March 4th, 2009 15:05 EST
Will The Real Leader Of The GOP Please Stand Up
President Barack Obama is the undisputed leader of the Democratic Party. His approval ratings are through the roof, and the only Democrat with the name recognition and the organization to challenge him in 2012 (Hillary Clinton) is safely ensconced in his administration. Obama can depend on the members of his party to follow his lead. We can expect Obama to work like a dervish in the next couple of years, he wants to sign as many bills into law while the Democrats still solidly control both houses of Congress.
But the Republicans don`t have a single person they can look to for leadership and guidance, that`s why they are always invoking the name of Ronald Reagan.
John McCain, the 2008 Republican presidential nominee was soundly defeated by Obama, and at 72 he`s too old to run again for president. McCain will be lucky to win reelection to the Senate, even the citizens of Arizona have turned against him.
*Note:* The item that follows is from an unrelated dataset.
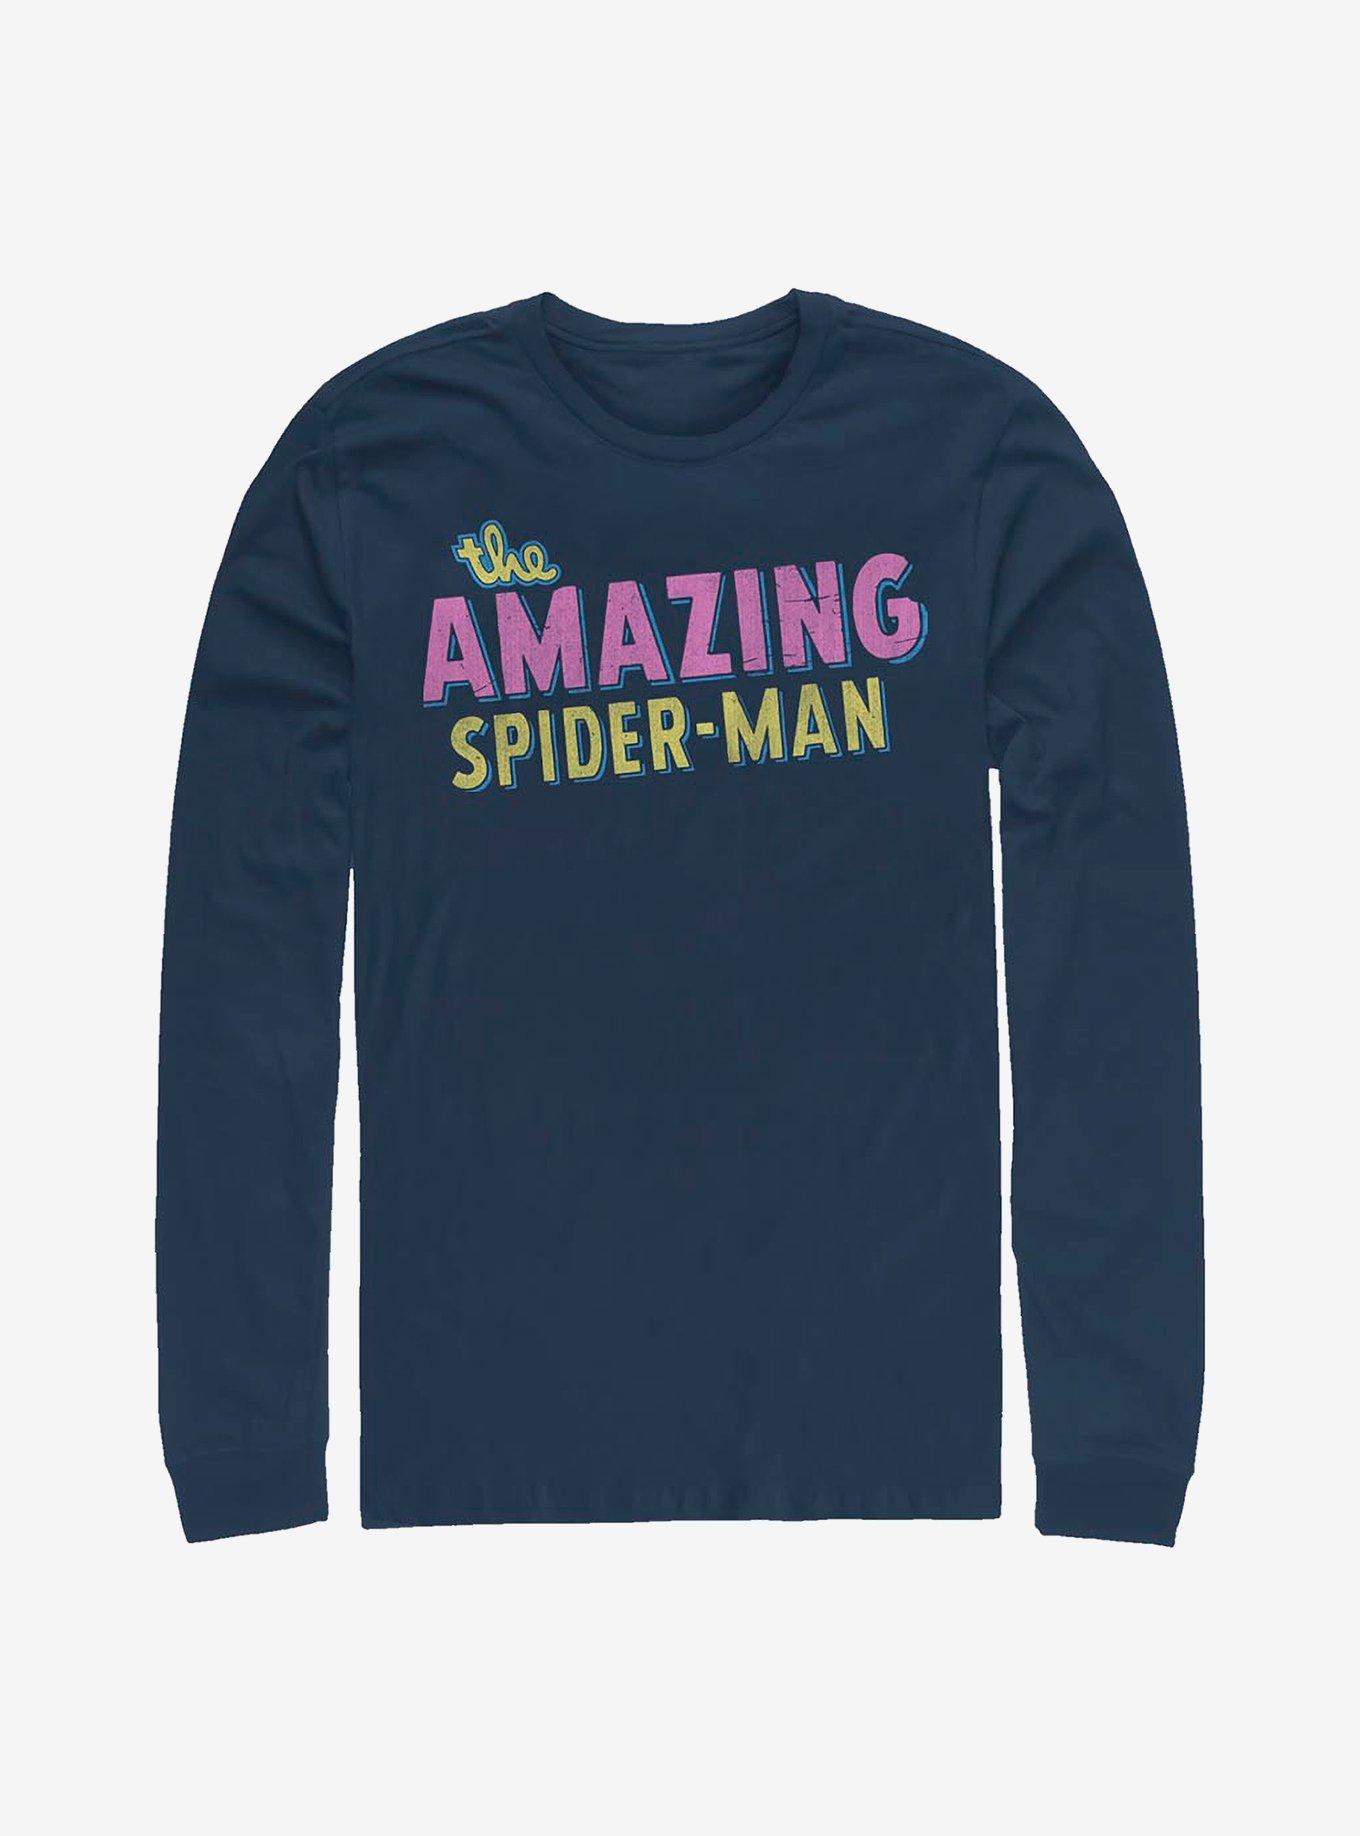 Marvel Spider-Man Amazing Retro Logo Long-Sleeve T-Shirt, NAVY, hi-res

Sarah Palin is frequently mentioned as a 2012 presidential hopeful, but her appeal is limited to the far right of the Republican party. Most mainstream GOP members don`t consider her as one of the leaders of their party.
Mike Huckabee is intelligent and charismatic, but you can`t win a national election when your base is limited to the South. The GOP needs a leader who has a national appeal, and Huckabee needs to work to extend his support beyond the evangelicals.
Bobby Jindal, the governor of Louisiana, is one of the rising stars of the opposition party, but his disastrous rebuttal to Obama`s address dimmed his star power. In that speech Jindal accomplished the seemingly impossible, he made Sarah Palin look like an intellectual. Republicans are too embarrassed to refer to Jindal as their leader.
Rudolph Giuliani may be "America`s Mayor", but he will never be the GOP`s leader, let alone President of the United States of America. His 9/11 glory has faded, and he is way too liberal for the GOP to regard him as one of their leaders.
The nominal head of the Republican Party is Michael Steele, the chairman of the Republican National Committee. Steele is responsible for overseeing the party`s campaigning and fundraising operations, and he will probably excel as a behind-the-scenes organizer. But Steele has all the charisma of a burned out light bulb, and he will fail miserably if he attempts to portray himself as the real leader of the GOP.
The Republicans are in a real quandary, they are in a desperate search for a statesman who can bring together the disparate factions of their party. The Democrats aren`t doing them a favor when they argue that Rush Limbaugh is the genuine boss of the GOP. The Dems would love to see the big fat blowhard regarded as the kingpin of the Republican Party, the more Rushbo bloviates the more reasoned and intelligent he makes Obama look.
The Republicans are in such a sad state of affairs, that a case can be made that Limbaugh really is their top dog. Limbaugh`s army of dittoheads are ready at a moment`s notice to do their master`s bidding. If Rushbo orders them to send emails to Congress to protest a specific piece of legislation, in minutes senators and congressmen will be flooded with email.
Limbaugh is so powerful that few Republicans dare chastise him for his divisive and hateful speech. Recently Michael Steel described Limbaugh as "an entertainer" with an "incendiary" and "ugly style." Limbaugh responded by suggesting that Steele was "off to a shaky start" at the RNC. "I hope the RNC chairman will realize he`s not a talking head pundit, that he is supposed to be working on the grassroots and rebuilding it," Limbaugh said. Within hours of Limbaugh`s rebuke, Steel was on bended knee publicly apologizing to the rotund radio talk show host. Steele isn`t the only GOP coward who has criticized Limbaugh, and then promptly apologized.
Limbaugh has too many skeletons in his closet to ever run for president, but he`s the real power in the GOP. The Republicans don`t have a prayer of mounting a serious challenge to Obama in 2012 if they can`t coalesce behind a leader who isn`t afraid of Limbaugh, and who can unite all sections of their party.
The Republicans need to forget about the halcyon days under Ronald Reagan, and hope that a Romney or a Crist will rise to the occasion. Even stalwart liberals should agree that it`s best for our democracy if one party doesn`t dominate the political process.